Damos gracias a Dios por vivir en una época como esta, en la que el Presidente y profeta de nuestra Iglesia no necesita vivir con miedo ni encarcelado, y en la que nosotros, e Israel, al menos políticamente y físicamente, no estamos obligados a entrar en esclavitud y servidumbre. Pero existen otros tipos de ataduras y otros tipos de prisiones que necesitamos trabajar para destruir, por nuestro propio bienestar. Todo lo que vinimos a hacer en esta vida, debemos hacerlo.
Creo con todo mi corazón, creo con la misma certeza con la que estoy aquí de pie, que—si podemos arrepentirnos de nuestros pecados, si podemos ser caritativos con los pecados de los demás, si podemos afrontar con valentía nuestras circunstancias y desear hacer algo al respecto—existe un poder, un Padre viviente de todos nosotros, que descenderá y, en términos de las Escrituras, “nos llevará como sobre alas de águilas.” Cuando Moisés fue llamado para guiar a los hijos de Israel fuera de Egipto, Jehová descendió y dijo:
“El clamor de los hijos de Israel ha llegado hasta mí; y también he visto la opresión con que los egipcios los oprimen…
Te enviaré, pues, a Faraón, para que saques de Egipto a mi pueblo, los hijos de Israel.
Entonces Moisés dijo a Dios: ¿Quién soy yo para que vaya a Faraón…?
Y él dijo: Ve, porque yo estaré contigo.” (Éxodo 3:9-12)
Y entonces vinieron las demostraciones de la presencia de Dios. Las varas se convirtieron en serpientes y el agua se convirtió en sangre, pero eso no fue suficiente. Hubo plagas—ranas y piojos, granizo y langostas—y eso no fue suficiente. Hubo tinieblas, literalmente, y luego la muerte. Finalmente, eso fue suficiente. Entonces Israel fue liberado de la servidumbre política para buscar una libertad aún mayor, si así lo deseaban. Y ese desafío sigue ante nosotros.

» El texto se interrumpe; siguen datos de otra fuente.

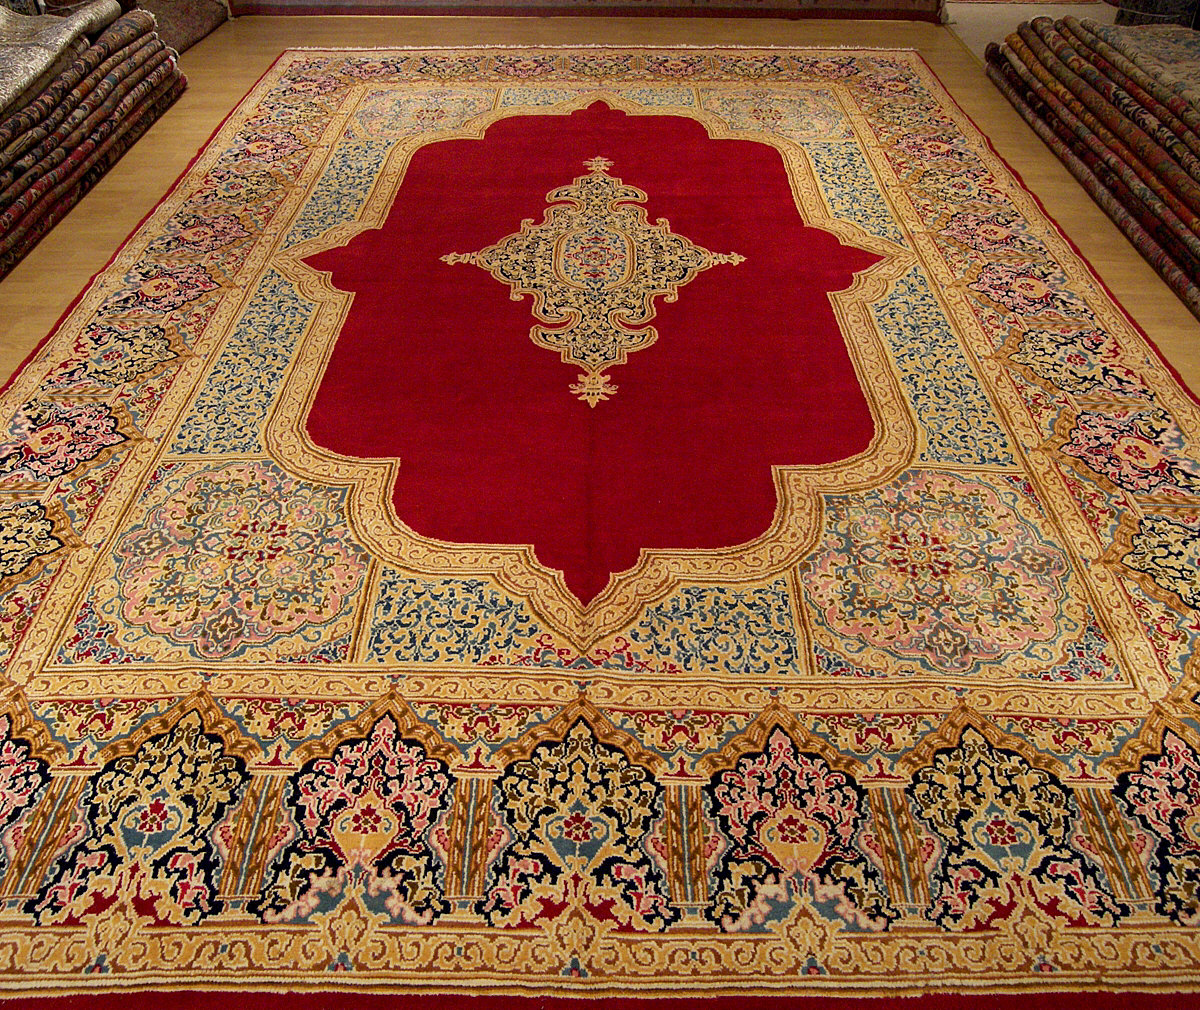 10x14 Handmade Antique Persian Lavar Kerman Rug 1883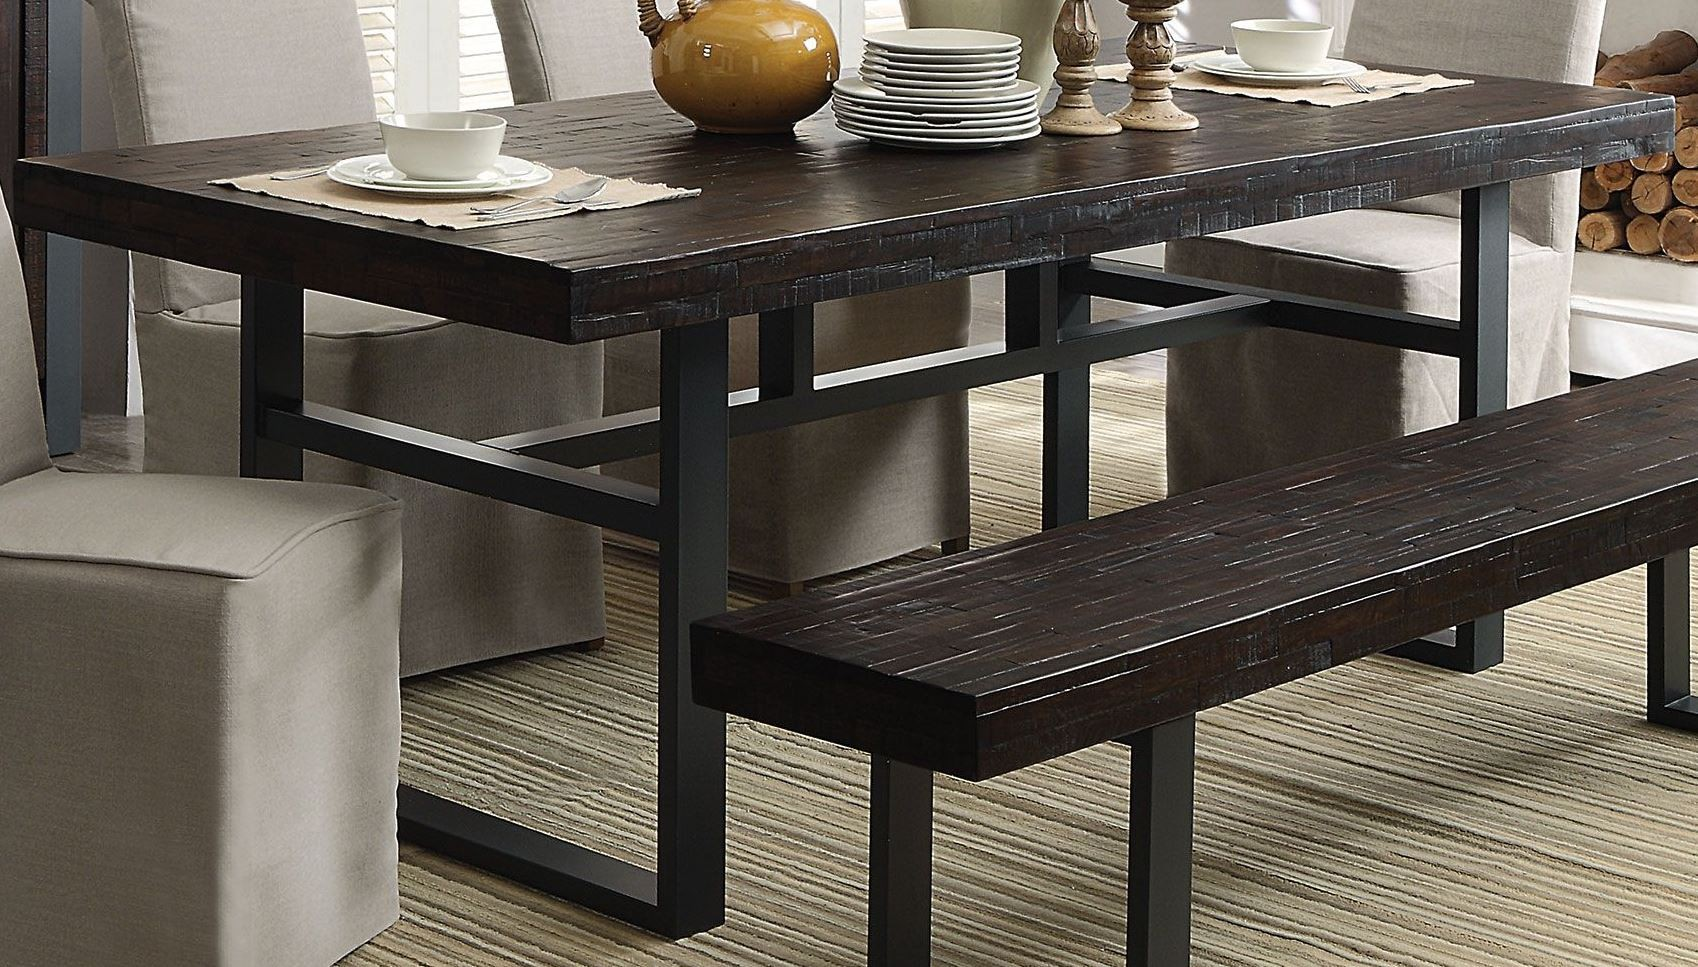 Keller Reclaimed Wood Dining Table, 106941, Coaster Furniture

Todavía se extiende ante ti y ante mí un desierto y un mar, como un alambre de púas entre nuestro Egipto y nuestra tierra prometida. Todos estamos en algún punto de ese desierto. Cuando aquella pequeña congregación de israelitas se reunió en el Monte Sinaí, Jehová dijo a los hijos de Abraham: “Así dirás a la casa de Jacob, y anunciarás a los hijos de Israel: Vosotros visteis lo que hice a los egipcios, y cómo os llevé sobre alas de águilas y os he traído a mí.” (Éxodo 19:3-4)
En mi vida, he sido llevado sobre alas de águilas. Sé con todo mi corazón que Dios vive, que Jesucristo es el Salvador. En los últimos meses, he conocido esas verdades de una manera en la que nunca antes las había conocido en mi vida, y, sin embargo, las he sabido desde hace mucho tiempo. Sé que Jesús dirige esta Iglesia, que es su Iglesia, que él es la piedra angular sobre la cual se edifica el fundamento de apóstoles y profetas vivientes. Sé que volveremos a estar con él, que estaremos libres por un tiempo, sin ataduras ni cargas, y que en las marcas de su carne reconoceremos algo de su esclavitud, su prisión y su sacrificio por nosotros. Sé que debemos arrepentirnos de nuestros pecados y que Dios debe ser justo, pero encuentro gran gozo y amor eterno en la seguridad escritural y en las palabras de los profetas vivientes de que, donde abundó el pecado, sobreabundó la gracia y la misericordia reclama al penitente.
Que, en las palabras de Isaías, esperéis en el Señor y vuestra fuerza sea renovada, para que seáis llevados como sobre alas de águilas, para que corráis y no os canséis, para que andéis y no os fatigáis. Que así corráis, ruego, en el camino correcto, y que seáis llevados como sobre alas de águilas por un Padre que vive y nos ama a todos, y que dio a su Unigénito Hijo. Por ello oro, en el nombre de Jesucristo. Amén.